Happiness And Suffering

Bertrand Russell has said he would not like to go to heaven, where only happiness abounds. How can you know happiness without knowing suffering? How can you know health without knowing sickness? Where you have everything just by wishing for it, there cannot be any joy in having it.

The joy of having something comes from the length of time you have been wanting it, expecting it. Happiness really lies in the expectation. So once you achieve it, it loses its charm for you. Every happiness is imaginary: so long as you don't possess it, it seems to be abounding happiness. But as soon as it is actualized, it ceases to be happiness; our hands are as empty as before. And then we seek some other object for our desire, and we begin to expect it again. We feel so unhappy without it and imagine that happiness will come with it.

Rothschild was one of America's multi-millionaires. There is a story about him, and I don't know if it is true or not. He was on his deathbed, and he said to his son, "You have seen from my life that I made millions and they didn't make me really happy, they didn't bring happiness with them. Do you see that wealth is not happiness?"

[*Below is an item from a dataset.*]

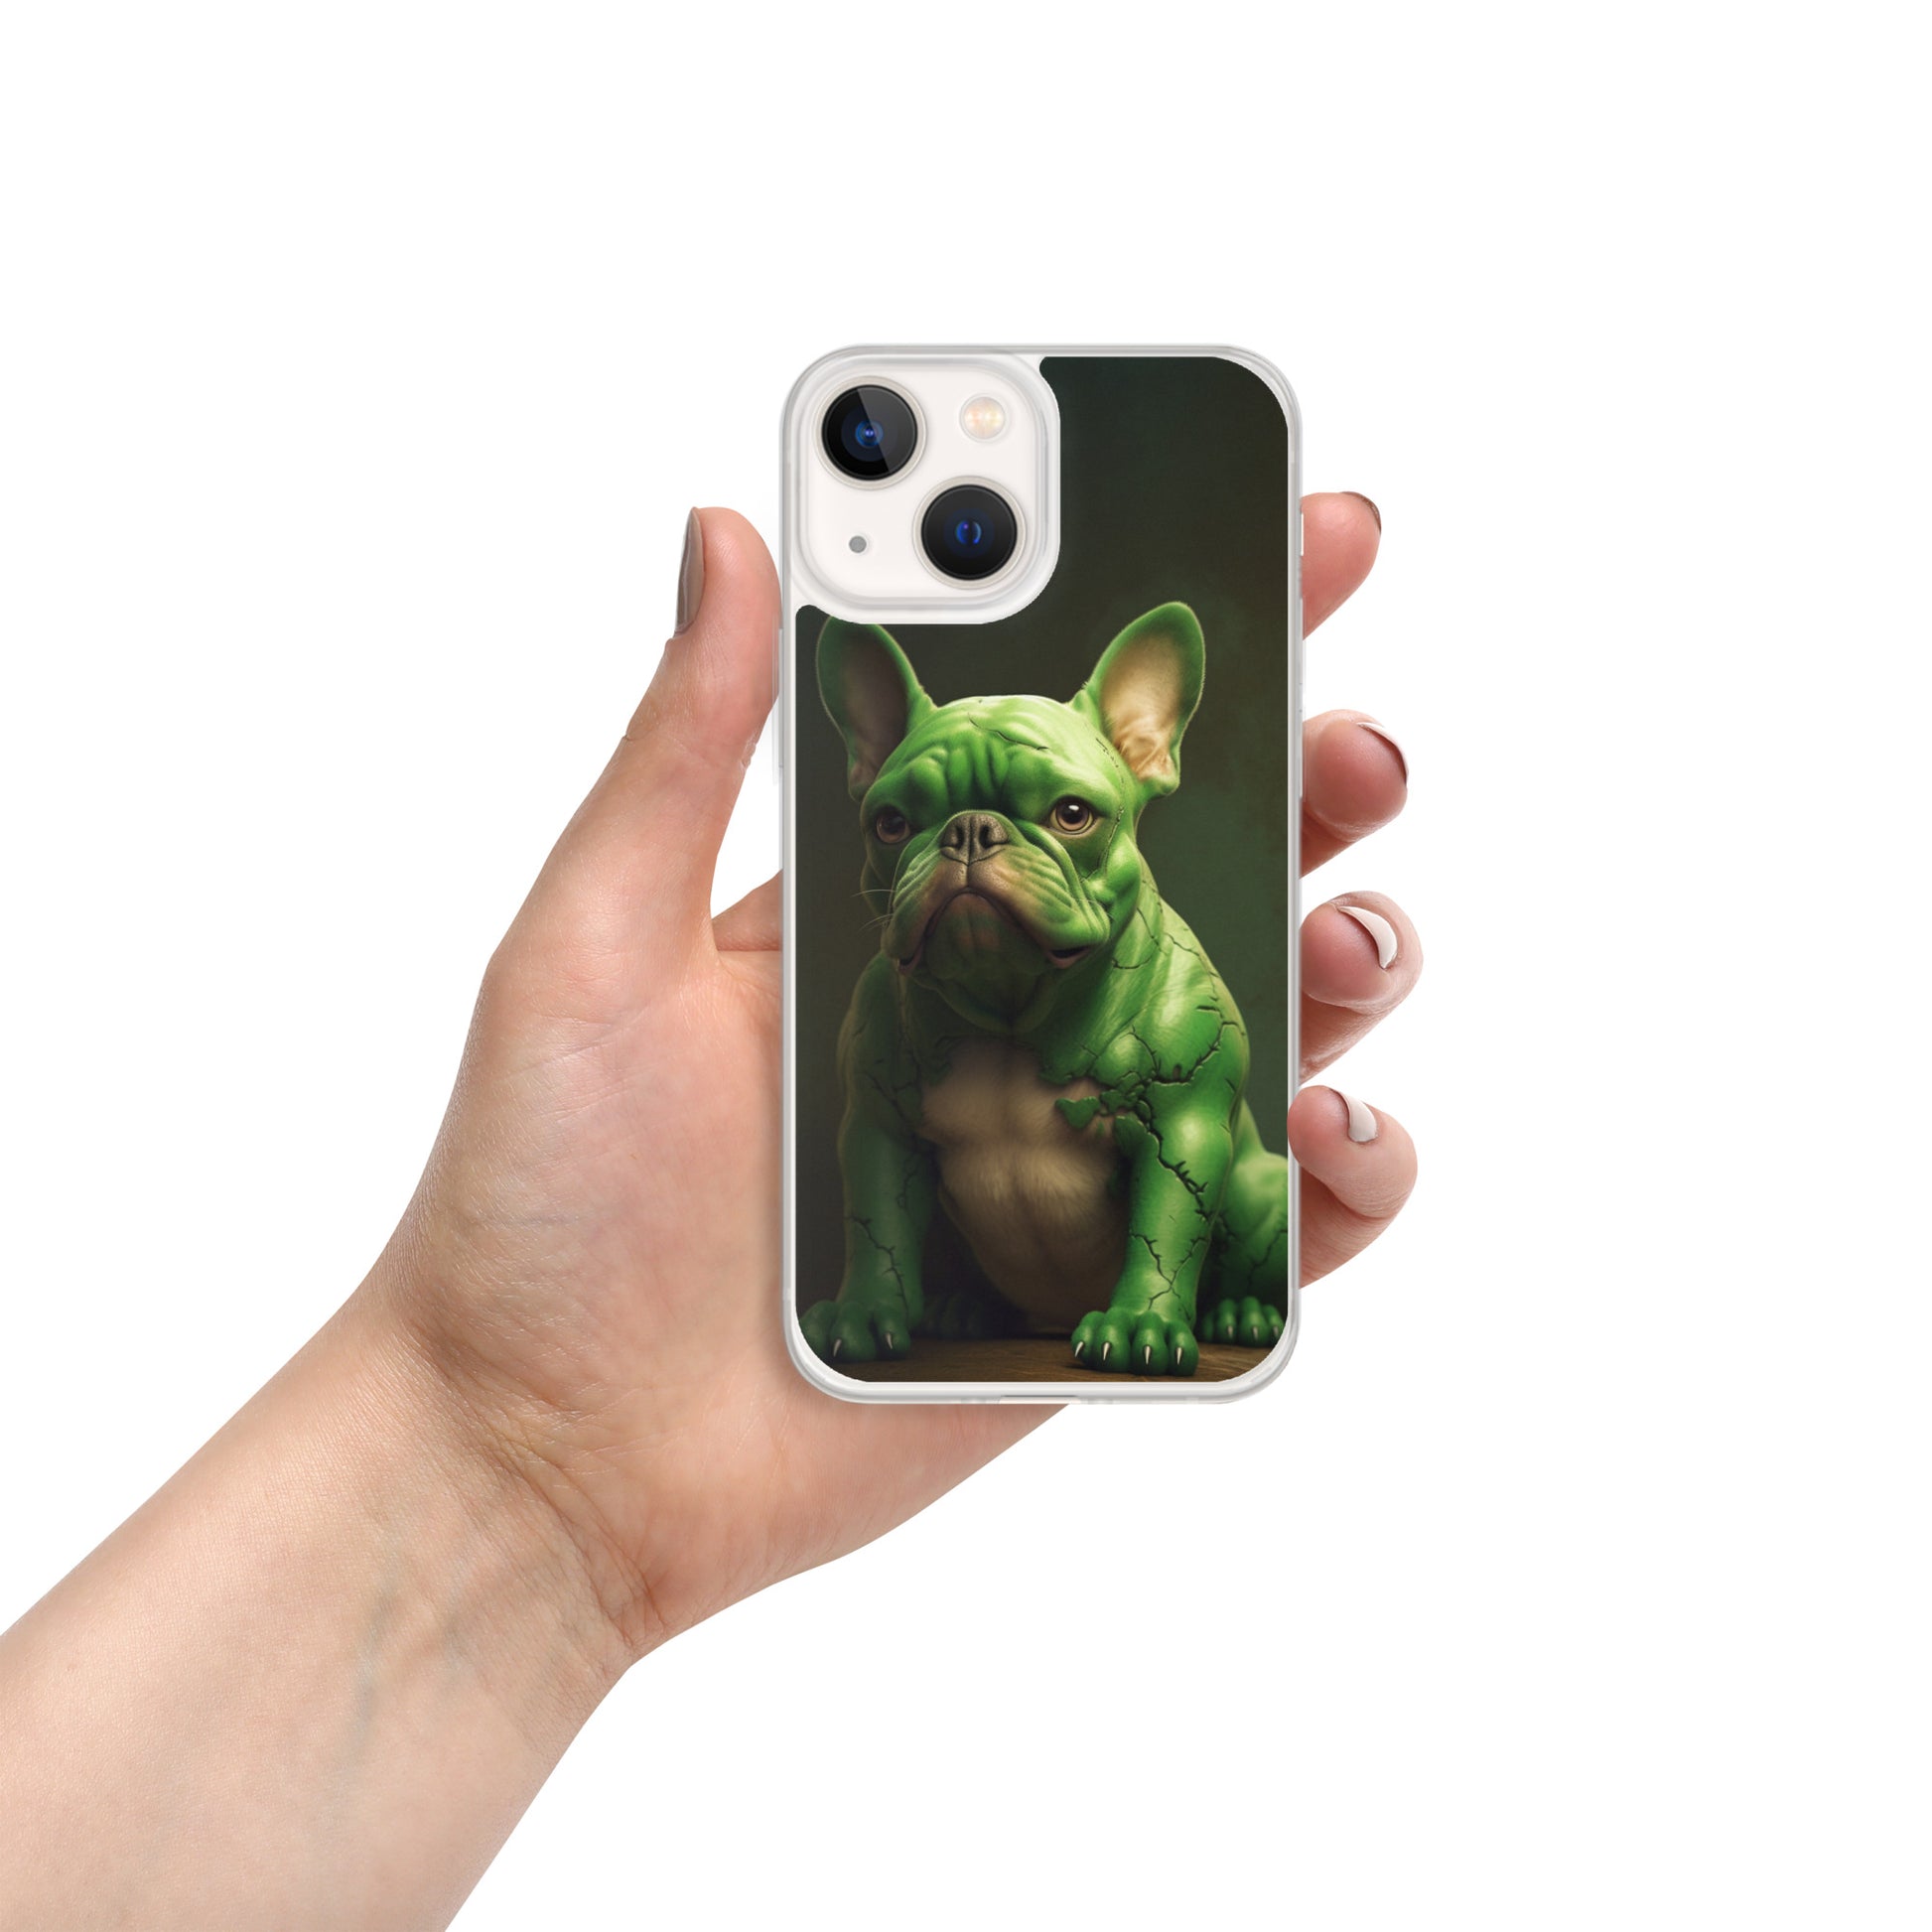 Frenchie iPhone Case - Powerful & Adorable Phone Armor

His son said, "It is true, as I learned from your life, that wealth is not happiness, but I also learned from your life that if one has wealth, one can have the suffering of his choice; one can choose between one suffering and another. And this freedom of choice is beautiful. I know that you were never happy, but you always chose your own kind of suffering. A poor man does not have this freedom, this choice; his suffering is determined by circumstances. Except this, there is no difference between a rich man and a poor man in the matter of suffering. A poor man has to suffer with a woman who comes his way as his wife, but the rich man can afford women with whom he wants to suffer. And this choice is not an insignificant happiness."

If you examine it deeply, you will find that happiness and suffering are two aspects of the same thing, two sides of the same coin, or, perhaps, they are different densities of the same phenomenon.

Besides, what is happiness for me may be a matter of suffering for you. If I own ten million and I lose five, I will be miserable in spite of the fact that I still own five million. But if you have nothing and you come across five million, you will be mad with joy and happiness. Although both of us will be in the same situation financially -- we have five million each -- I will be beating my head against the wall and you will be dancing and celebrating. But also remember, your celebration will not last long, because someone who comes to own five million will also be faced with the fear of losing it. In the same way, my sufferings will soon wither away, because one who loses five million soon becomes engaged in recovering that loss -- which is quite possible for him.

Strange are the ways of life. My happiness cannot be your happiness, nor can my suffering become your suffering. Even my happiness of today can not be my happiness for tomorrow. I cannot say if my happiness in this moment will continue to be my happiness in the next. Happiness and suffering are like clouds passing through the sky. They come and go.

Both happiness and suffering are there, and they are facts of life. In fact, it is wrong to call them two, but we have to, because all our languages divide things into two. Really it is one truth, sometimes seen as happiness and other times as suffering. In reality, pleasure and pain are just our interpretations, psychological interpretations. They are not real situations, they are largely interpretations of them. And it depends on us how we interpret something. And there may be a thousand interpretations of the same thing. It all depends on us.